Optionally, the second neural network model includes an encoding network and a decoding network; the processing module 502 is configured to input the spatial light field characteristic information into the decoding network to obtain the target image.
Optionally, the processing module 502 is configured to input color information of a sample image to the encoding network before inputting the spatial location information and the perspective information to the first neural network model, to obtain color feature information and detail feature information of the sample image; and training the first neural network model by using the color characteristic information and the detail characteristic information of the sample image and the space position information corresponding to the sample image.
Optionally, the processing module 502 is configured to train the first neural network model by using color feature information and detail feature information of the sample image as true values and using spatial location information corresponding to the sample image as input.
It should be appreciated that the apparatus 500 herein is embodied in the form of functional modules.
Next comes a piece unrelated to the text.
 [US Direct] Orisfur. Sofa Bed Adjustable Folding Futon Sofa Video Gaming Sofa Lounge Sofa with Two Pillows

The term module herein may refer to an application specific integrated circuit (application specific integrated circuit, ASIC), an electronic circuit, a processor (e.g., a shared, dedicated, or group processor, etc.) and memory that execute one or more software or firmware programs, a combinational logic circuit, and/or other suitable components that support the described functionality. In an alternative example, it may be understood by those skilled in the art that the apparatus 500 may be specifically a VR device in the foregoing embodiment, or the functions of the VR device in the foregoing embodiment may be integrated in the apparatus 500, and the apparatus 500 may be configured to execute each flow and/or step corresponding to the VR device in the foregoing method embodiment, which is not repeated herein.
The apparatus 500 has functions to implement the corresponding steps performed by the VR device in the method described above; the above functions may be implemented by hardware, or may be implemented by hardware executing corresponding software. The hardware or software includes one or more modules corresponding to the functions described above.
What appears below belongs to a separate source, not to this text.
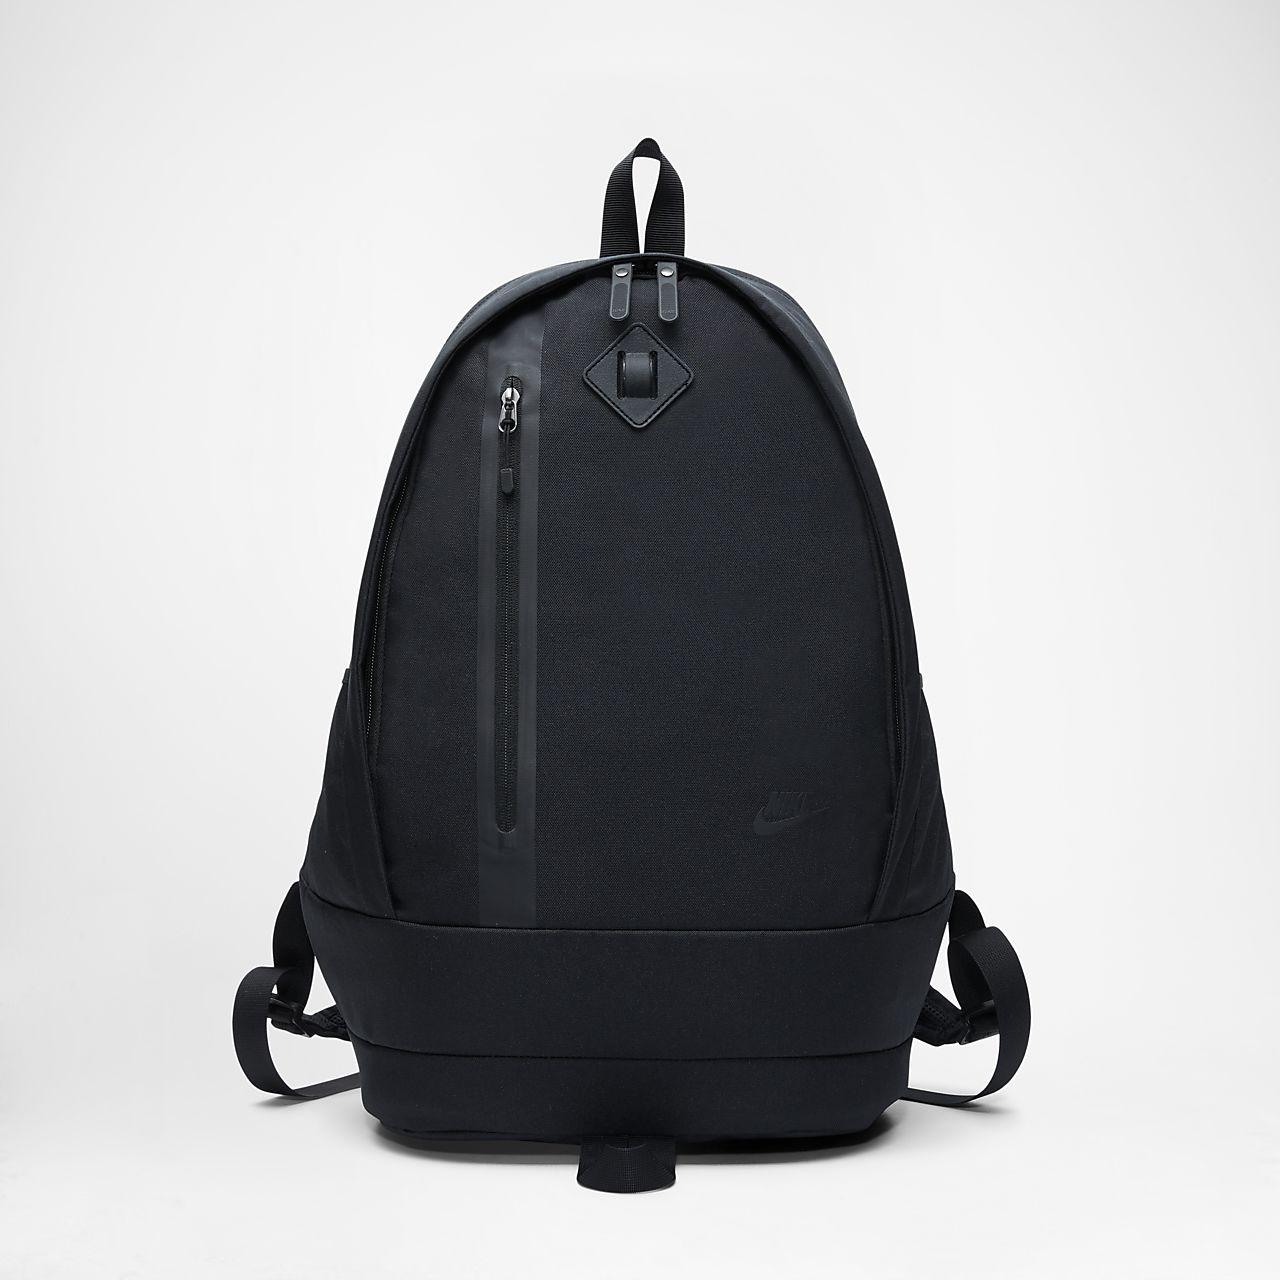 Batoh Nike Sportswear Cheyenne 3.0 Solid

In an embodiment of the present application, the apparatus 500 in fig. 5 may also be a chip or a chip system, for example: system on chip (SoC).
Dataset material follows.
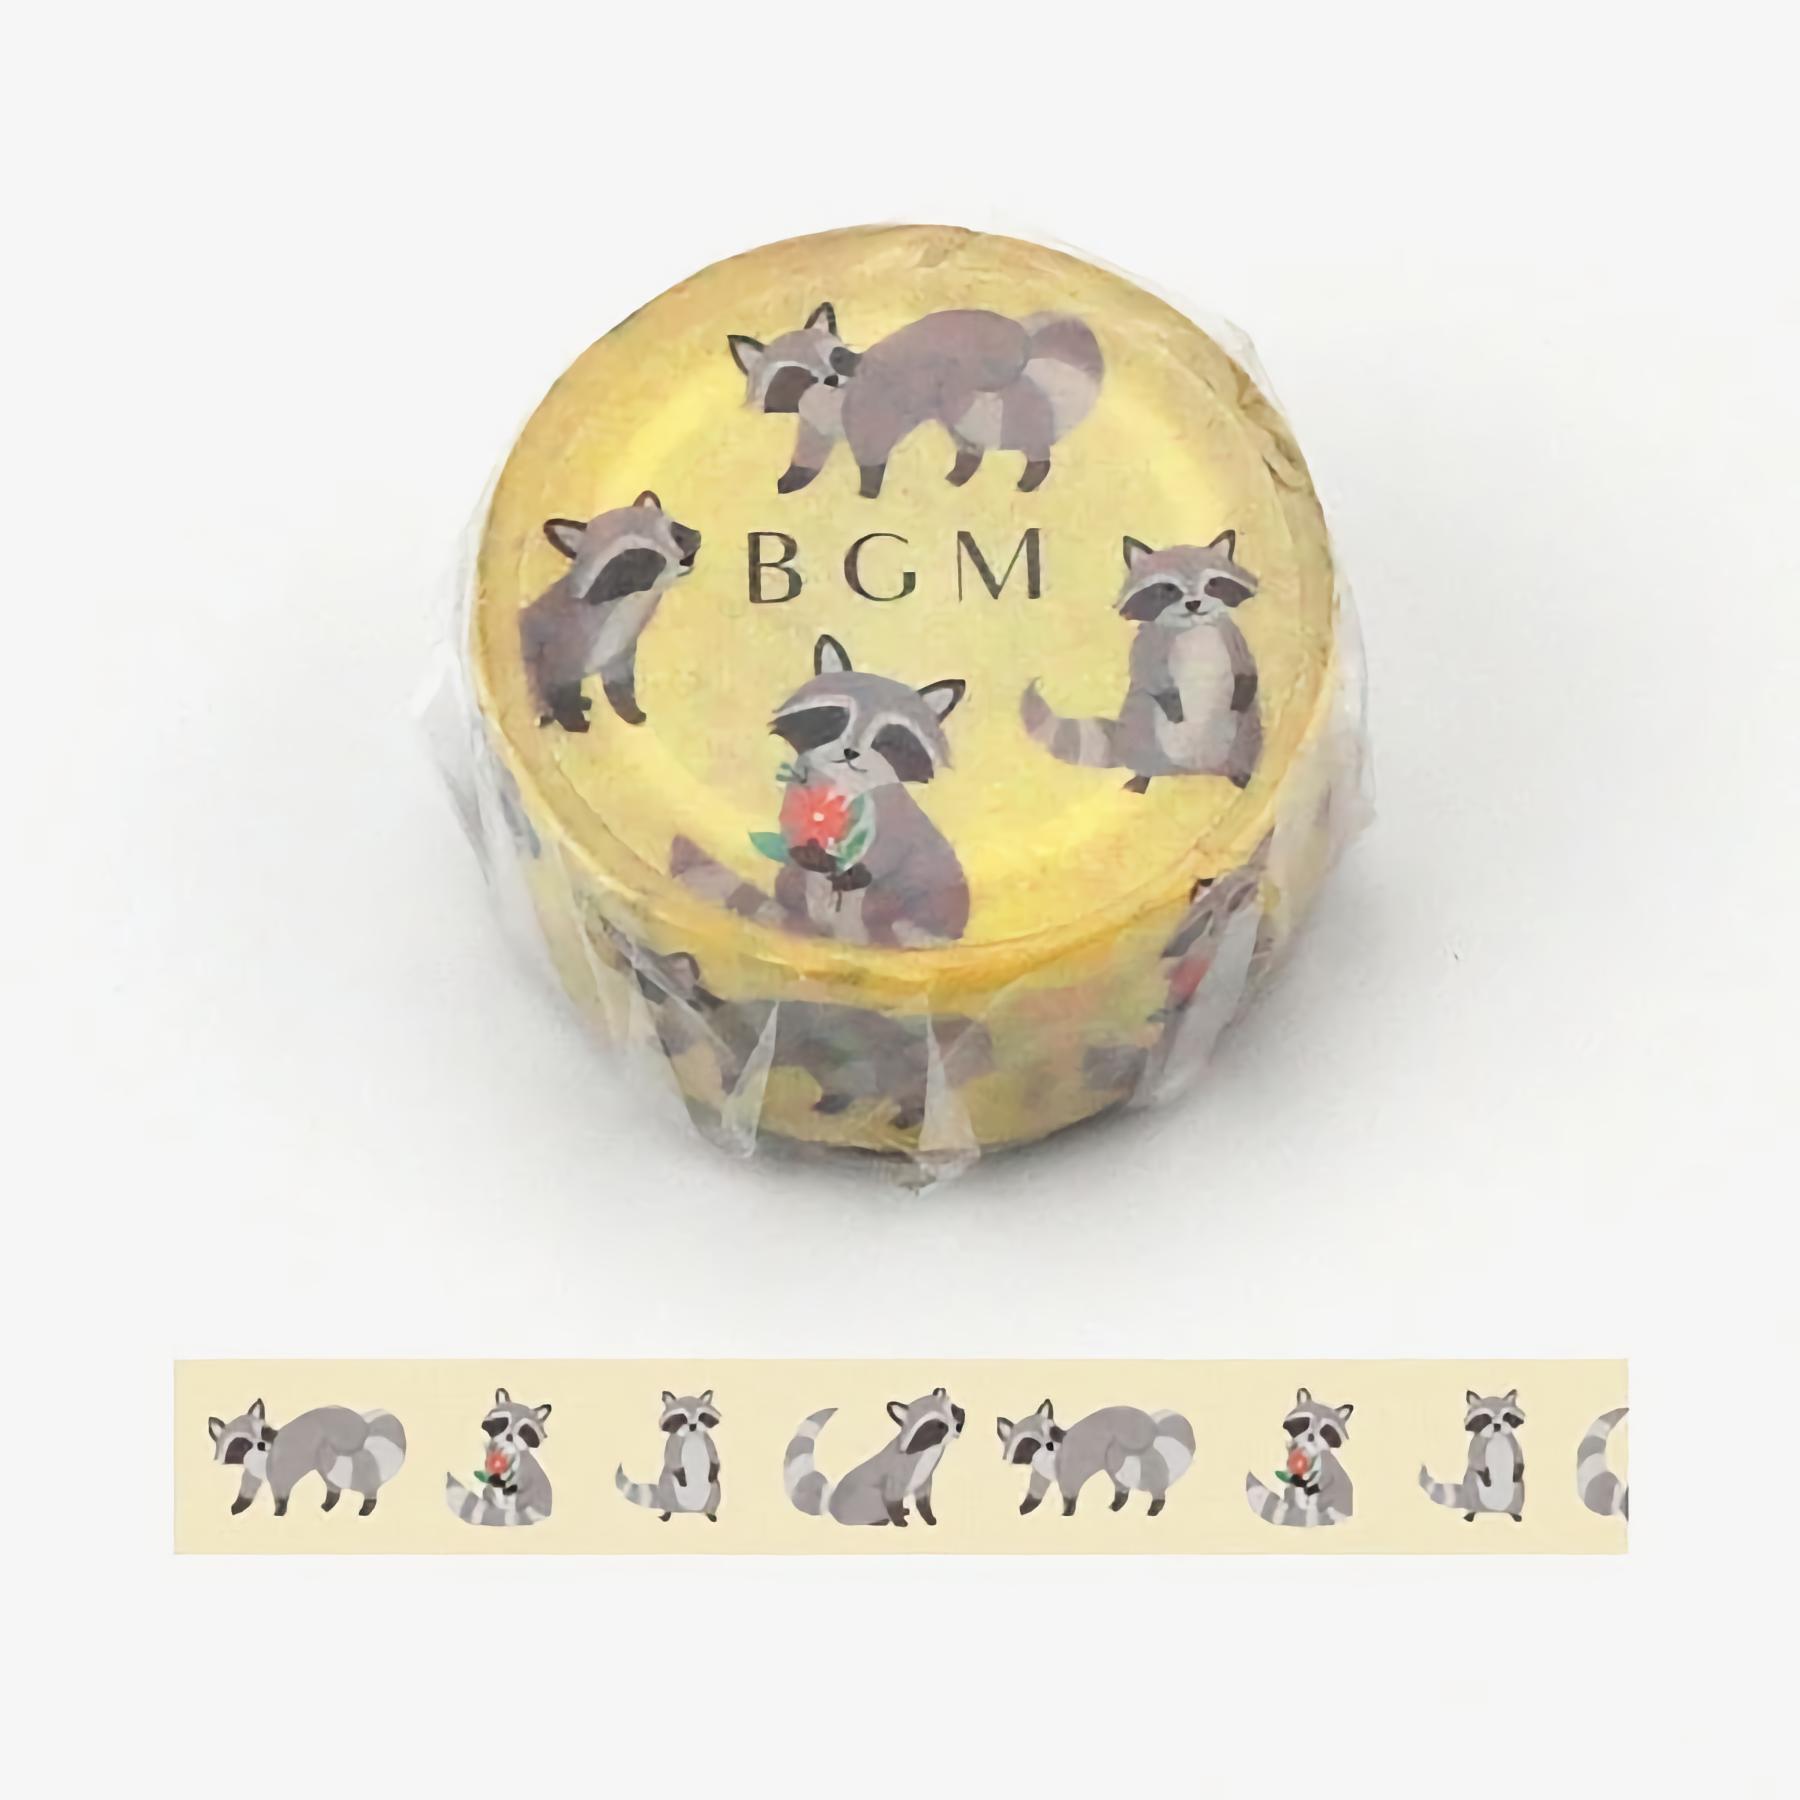 BGM Washi Tape Racoon 15 mm

Fig. 6 shows another image processing apparatus 600 provided in an embodiment of the present application. The apparatus 600 includes a processor 601, a transceiver 602, and a memory 603. Wherein the processor 601, the transceiver 602 and the memory 603 communicate with each other through an internal connection path, the memory 603 is used for storing instructions, and the processor 601 is used for executing the instructions stored in the memory 603 to control the transceiver 602 to transmit signals and/or receive signals.
The transceiver 602 is configured to obtain spatial position information and view angle information of a picture in the camera; a processor 601, configured to input the spatial location information and the perspective information into a first neural network model, to obtain spatial light field feature information corresponding to the spatial location information and the perspective information, where the spatial light field feature information includes spatial three-dimensional feature information and color feature information, and the first neural network model is configured to process three-dimensional information of an image; and inputting the spatial light field characteristic information into a second neural network model to obtain a target image, wherein the second neural network model is used for restoring color information and detail information of the image.
Optionally, the second neural network model includes an encoding network and a decoding network; the processor 601 is configured to input the spatial light field characteristic information into the decoding network to obtain the target image.
Optionally, the processor 601 is configured to input color information of a sample image to the encoding network before inputting the spatial location information and the perspective information to the first neural network model, to obtain color feature information and detail feature information of the sample image; and training the first neural network model by using the color characteristic information and the detail characteristic information of the sample image and the space position information corresponding to the sample image.
Optionally, the processor 601 is configured to train the first neural network model by using color feature information and detail feature information of the sample image as true values and using spatial location information corresponding to the sample image as input.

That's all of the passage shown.